With dozens of wars taking place across the world and the growing mobilisation by the US and the UK for an attack on Iraq, there is a greater need than ever to be clear about what "revolutionary opposition to war" actually means. In Disobedience's proposal for an Anti-War Day School there is the suggestion that "theory should inform our practice". There is only one way that practice can be informed by theory: by drawing on the lessons of proletarian history. Against pacifism and protest stunts

Revolutionaries have always opposed pacifist ideology. Against sentimental appeals for universal harmony, they insisted on an internationalism that was based on the common struggle of the working class against the ruling class and all its governments.

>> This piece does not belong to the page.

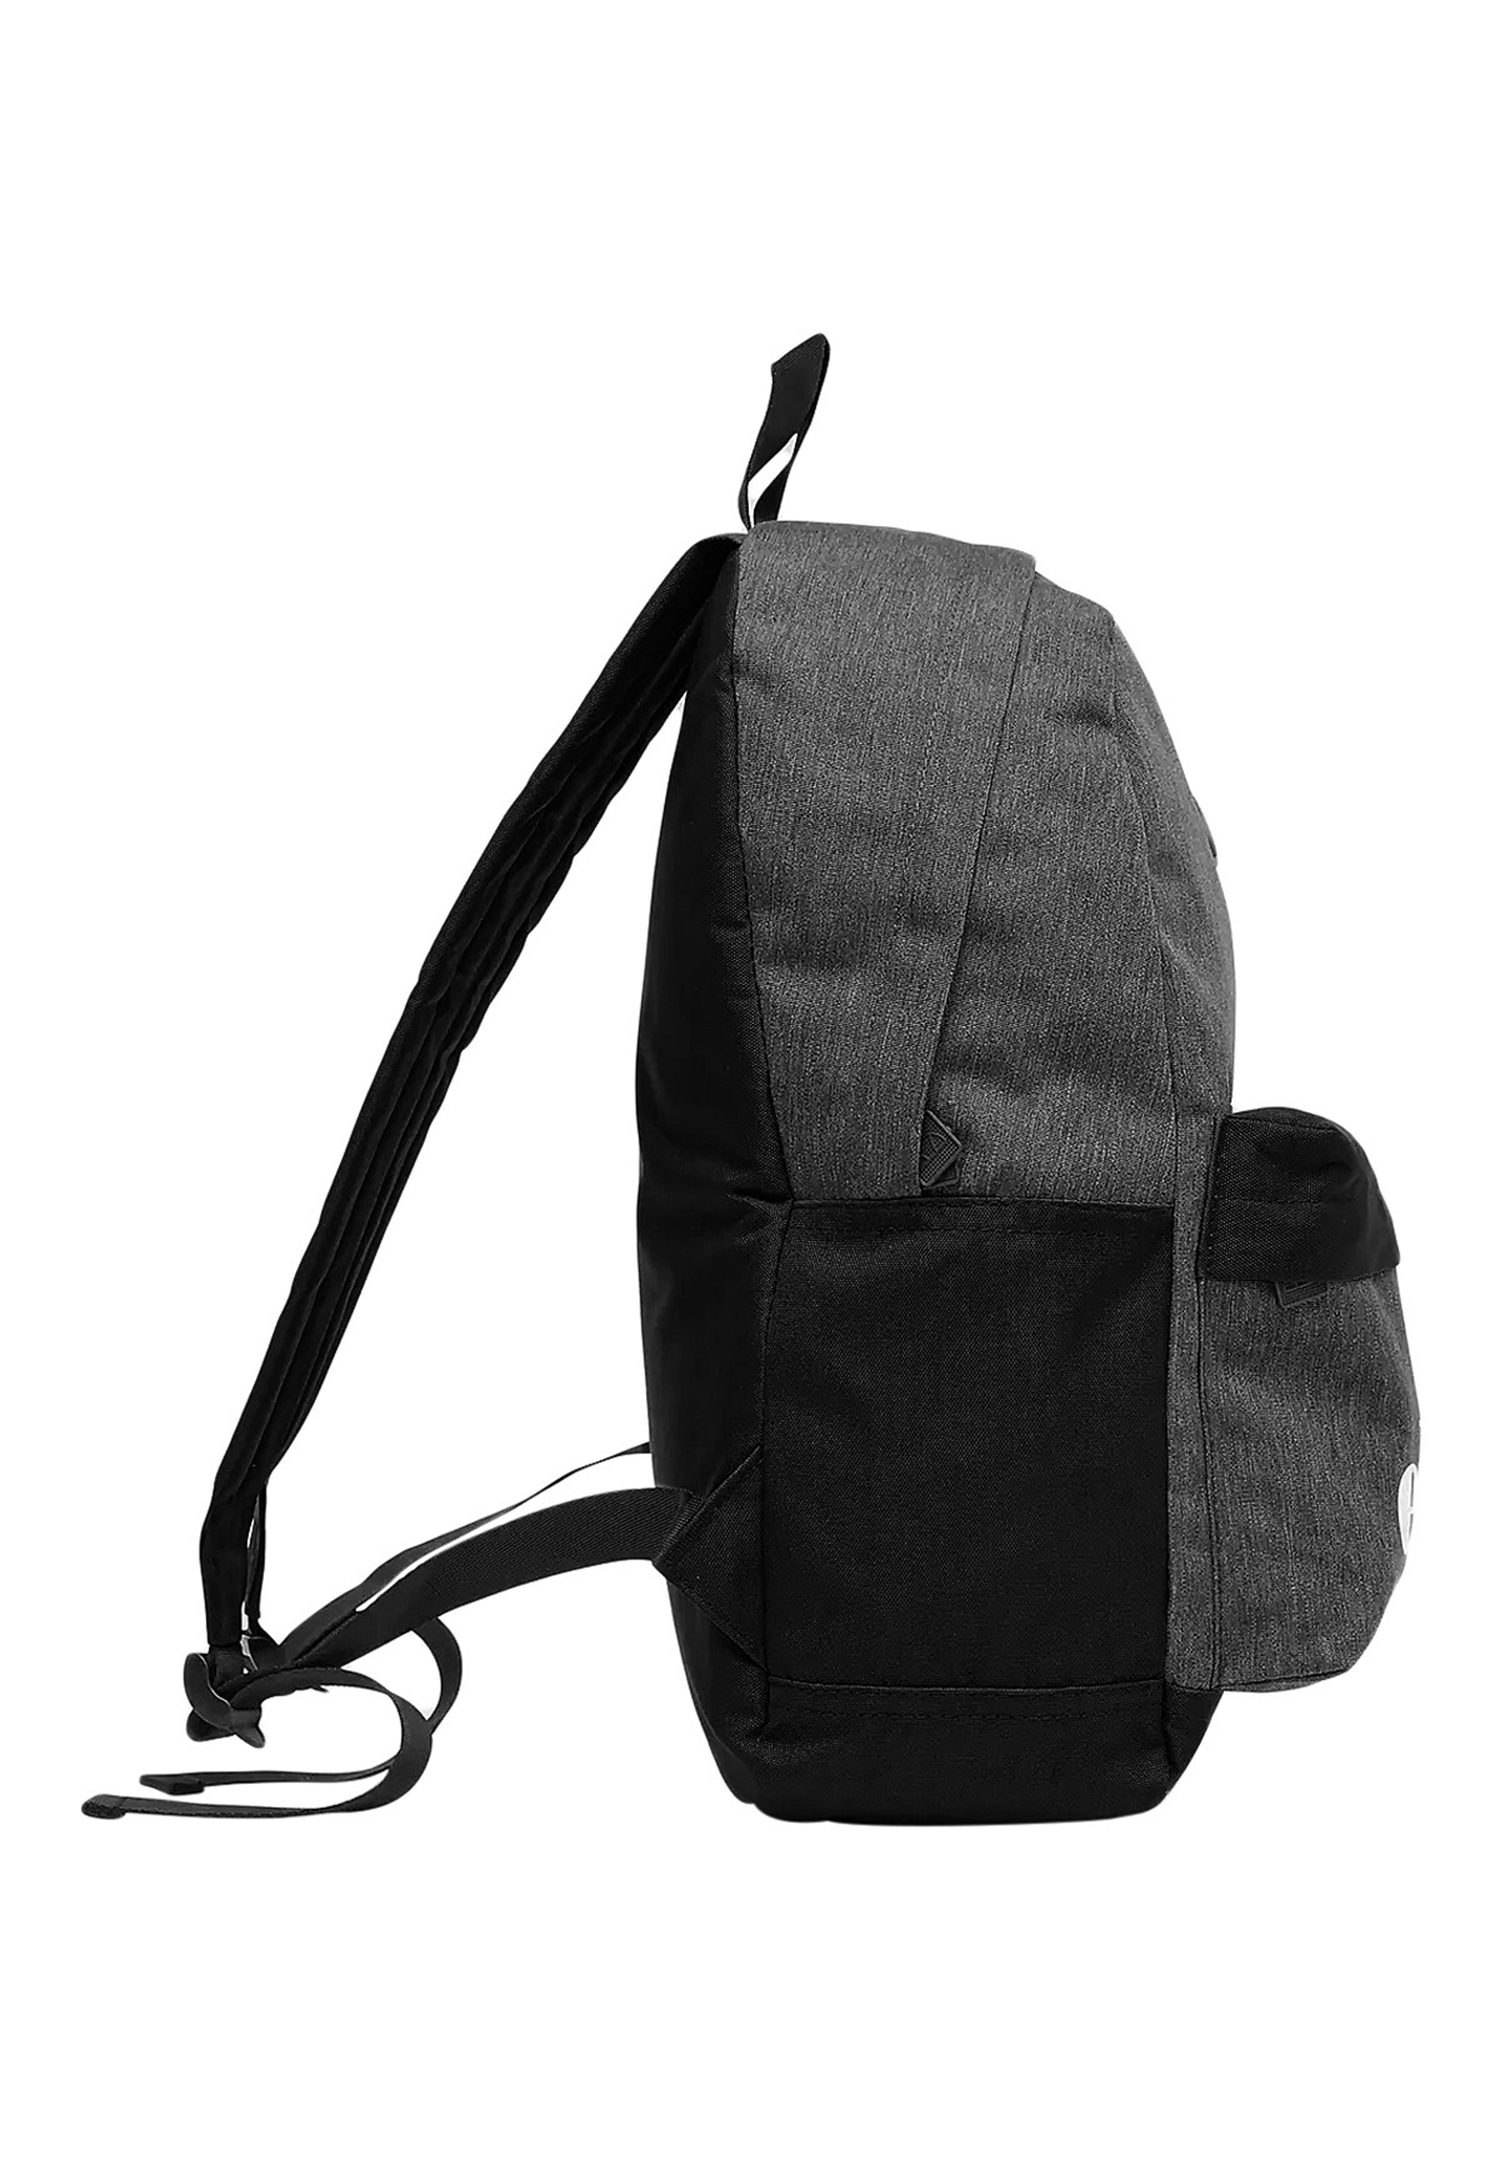 Ellesse Regent Backpack Rucksack Sport Freizeit Reise Schule SAAY0540 schwarz/grau

At the beginning of the 20th century, against attempts to smuggle pacifist conceptions into resolutions of the Second International, revolutionaries such as Rosa Luxemburg and Lenin insisted that the workers' struggle was not just against the outbreak of war but should "profit in any way possible from the economic and political crisis to rouse the people and in this way hasten the collapse of capitalist domination". War was not only to be denounced, but also to be seen as a factor that could provoke proletarian revolution.

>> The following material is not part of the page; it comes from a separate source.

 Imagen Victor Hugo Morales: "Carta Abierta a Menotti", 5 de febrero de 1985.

Today, there is no mass, permanently organised workers' movement. Instead, revolutionaries are confronted with a 'Labour Movement' which is really the left wing of capitalism. In the face of war, the capitalist left is given the job of organising pacifist fronts like the Stop the War Coalition (STWC). The STWC's main function is to prevent the development of a revolutionary opposition to war:

  • by spreading illusions in a "peaceful" and "legal" capitalism
  • by selling "alternative" ways of supporting war (war is OK if the UN backs it, war is OK if it's an anti-US war by "oppressed nations", etc).
  • by providing a falsely "practical" method of opposing war which can mobilise hundreds of thousands and make any class opposition look puny and insignificant.

The problem with many who are critical of the STWC is that too often they still buy the argument that "at least it's doing something" and end up either tailing along in its demonstrations, or trying to devise radical-looking "protest" stunts which substitute themselves for the real development of the proletarian movement.

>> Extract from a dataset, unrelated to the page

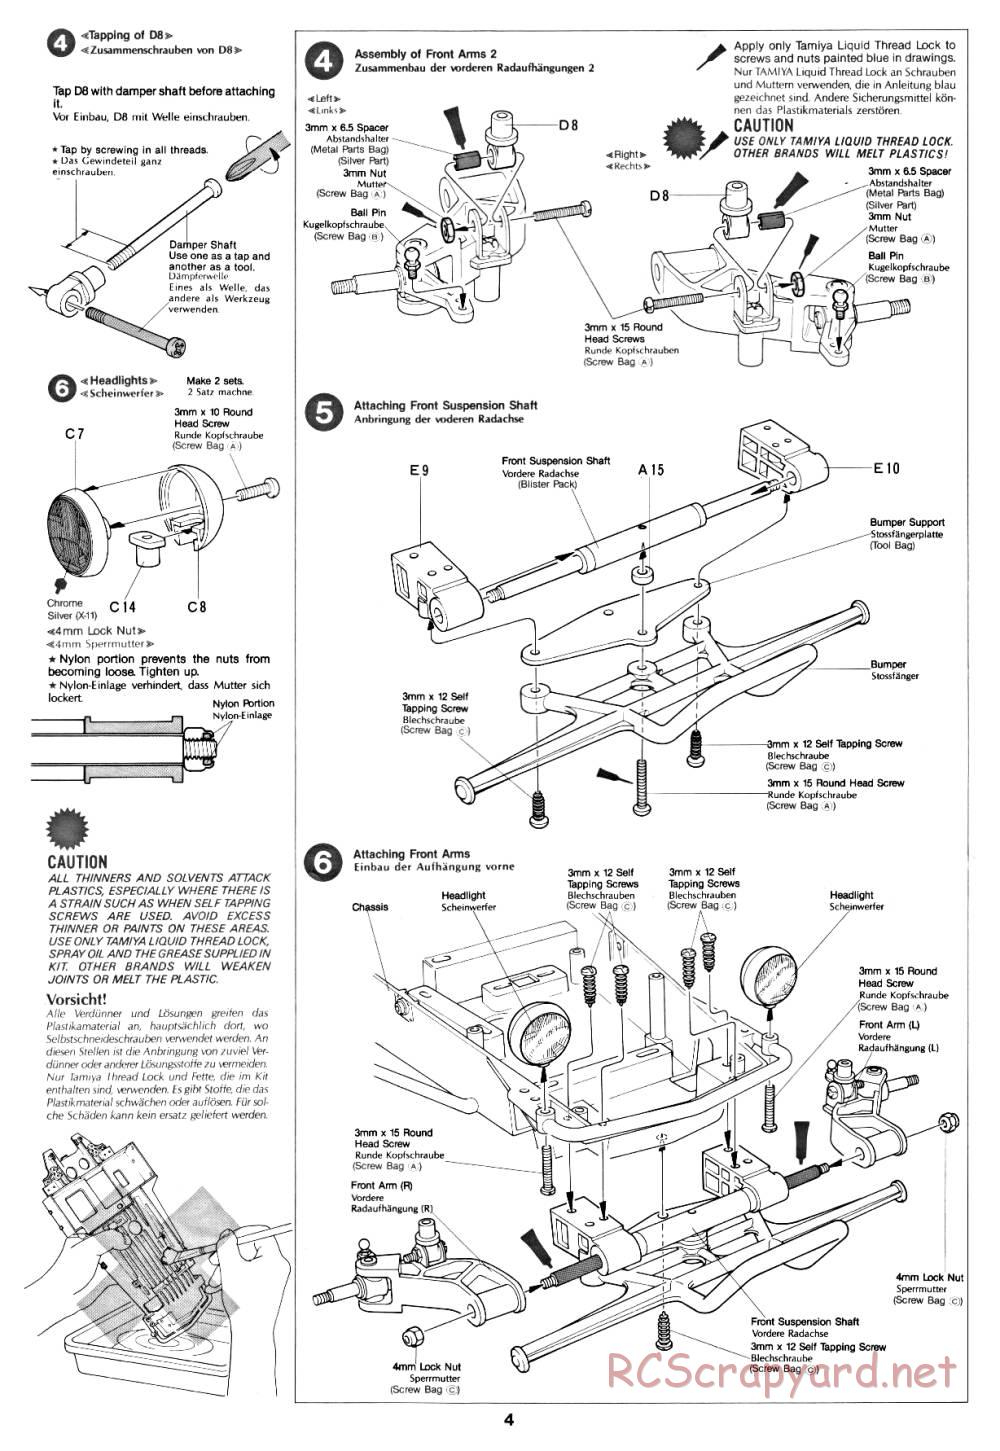 Tamiya - Fast Attack Vehicle - 58046 - Manual - Page 4

However unfashionable it may sound, the fact remains that the bourgeoisie's drive towards war can only be blocked and ultimately stopped by the massive struggles of the working class. Working class resistance and the overthrow of capitalism

The experience of the First World War, which was brought to an end by a wave of revolutionary working class struggles, is still profoundly relevant today. The working class went from being divided and mobilised in the massive slaughter between nations to fighting against the governments that had mobilised it. Capitalism everywhere was under threat. In 1919 Lloyd George, the British Prime Minister, was moved to write that "The whole existing order in its political social and economic aspects is questioned by the masses of Europe from one end of Europe to the other."

Today the situation is different. The working class in Europe is not enlisted in capitalism's armies, but also there are no widespread workers' struggles. However, it is only on the basis of defensive struggles, resistance against the attacks of the ruling class today, that we can see the possibilities of a struggle to overthrow the bourgeoisie tomorrow. The essential role of revolutionary organisations

While it is necessary to reject forms of activity that link up with leftist campaigns such as the STWC and stunts that are just a more "radical" form of pacifism, it is also possible to show the very positive role that revolutionaries can play, even if they are a tiny minority.

In the First World War, for example, the Spartakusbund in Germany insisted that only a world proletarian revolution could put an end to world war, and in Russia the Bolsheviks called for the transformation of the imperialist war into a civil war. Along with the propaganda and agitation in the working class there were also attempts to bring together the very small numbers defending a revolutionary position.

The conferences of Zimmerwald (1915) and Kienthal (1916) involved very few people and only a small Left minority which defended the positions which would eventually form the bases for the foundation of the Communist International. For the most far-sighted elements what was necessary was the defence of internationalist, class positions against the imperialist war. Above all, revolutionaries tried to ensure that their voice could be distinguished from others, in particular those social democratic, anarchist and trade unionist organisations who now served the war effort. Today, while the situation is different there is a similar need for revolutionaries to ensure that they have a distinct presence.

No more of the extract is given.